Wednesday 1 February 2012

Swansea 1 – 1 Chelsea: an honest look at the game.

As I'm sure many will have said as they poured from the stadium last night: had Chelsea scored first and Swansea equalised (a la Spurs) it would be a scoreline worth celebrating. However, last night's point is acceptable to be annoyed at. As I see it, it is two points dropped.

As many others will have said: to be disappointed with a draw against Chelsea really shows Swansea have come a long way. Yes it does, but that fact doesn't make the disappointment any easier.

Looking at the match, and the evening in general, it was quite entertaining. The first half saw the typical Swansea set-up and the slick pass-and-move philosophy. Swansea could well have taken the lead at the 15-minute mark when three beautiful open-goal opportunities presented themselves, but it was not to be.

The pressure did pay off when Scott Sinclair took a blind swing at a bouncing ball and it dipped and floated past Petr Cech. A deserved 1-0 to the Swans.

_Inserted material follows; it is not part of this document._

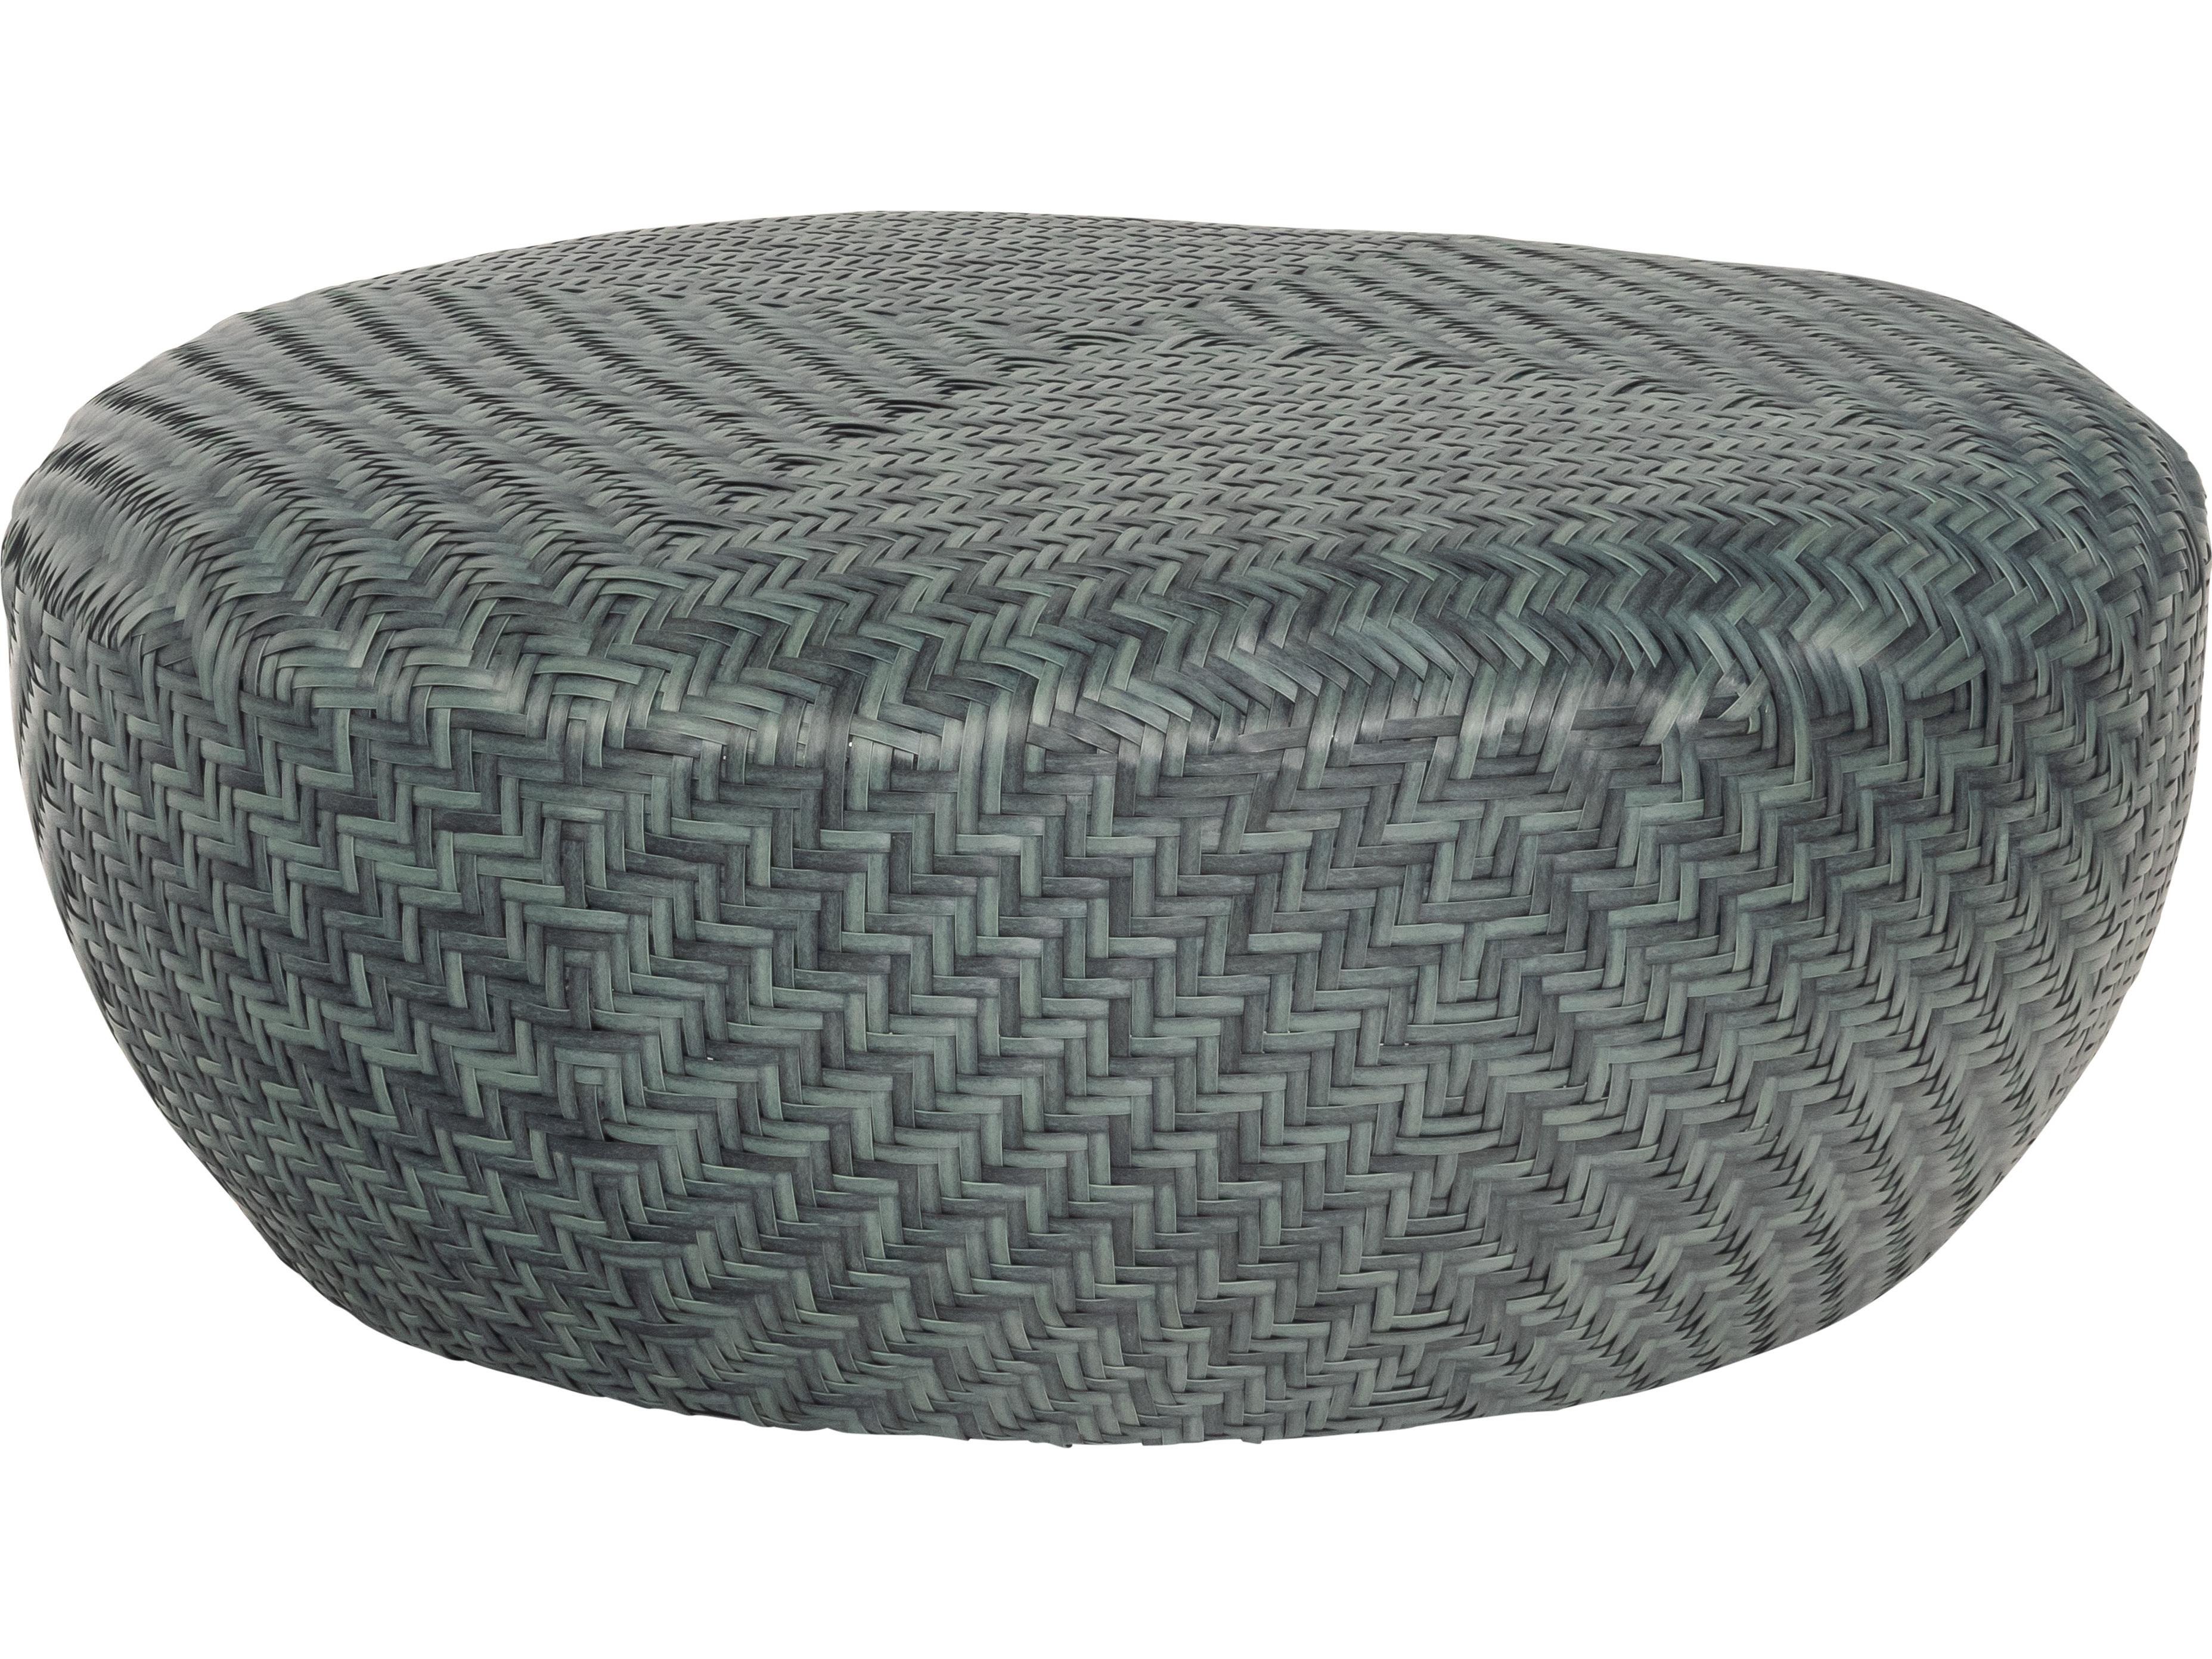 Woodard Trident Wicker Cobalt Gray 36 Wide Round Coffee Table Ottoman S680211

Second half was a different game. Swansea's passing was way off the mark, with one too many loose passes and aimless runs. I had a feeling it wouldn't end 1-0 and I was right. It's just so cruel that the equaliser came in the 93rd minute from an own goal! The own goal won't be remembered though – Taylor had a good night and didn't deserve it. But Chelsea's goal looked imminent during the last 20 minutes.

I think a turning point was bringing on Luke Moore for Scott Sinclair. Apart from the goal, Sinclair didn't have an outstanding night, so a sub was a decent call. Bringing on Moore wasn't. He just doesn't do the running of Sinclair and never seems that interested in defending. I'd have brought on Routledge or even Richards if they wanted to close the game up. Ultimately Moore let Bosingwa through and there came the goal.

Moore and his lackadaisical approach aside and it was a decent team performance: Dyer didn't seem as composed as usual, but frustrated the hell out of the Chelsea midfield towards the end. Ashley Williams put in a good man-of-the-match performance, while Caulker mopped up a lot of loose ball at the back. Leon Britton was busy as usual and Kemy Agustien seemed to have a positive impact when coming on.

The referee was terrible in the second half generally, though he did issue the yellow cards and eventually send off Ashley Cole, so he got something right.

We can't blame the referee though. Swansea let Chelsea keep possession and territory in the second half and that led to the goal. The now famous “Swansea Triangle” was rarely seen in the latter stages. The skill is always there, but the composure and concentration is the thing that tends to transform three points into the single one with Swansea.

Still, it's a point...

Onto West Brom on Saturday, where there's now just a little more pressure to get the away win.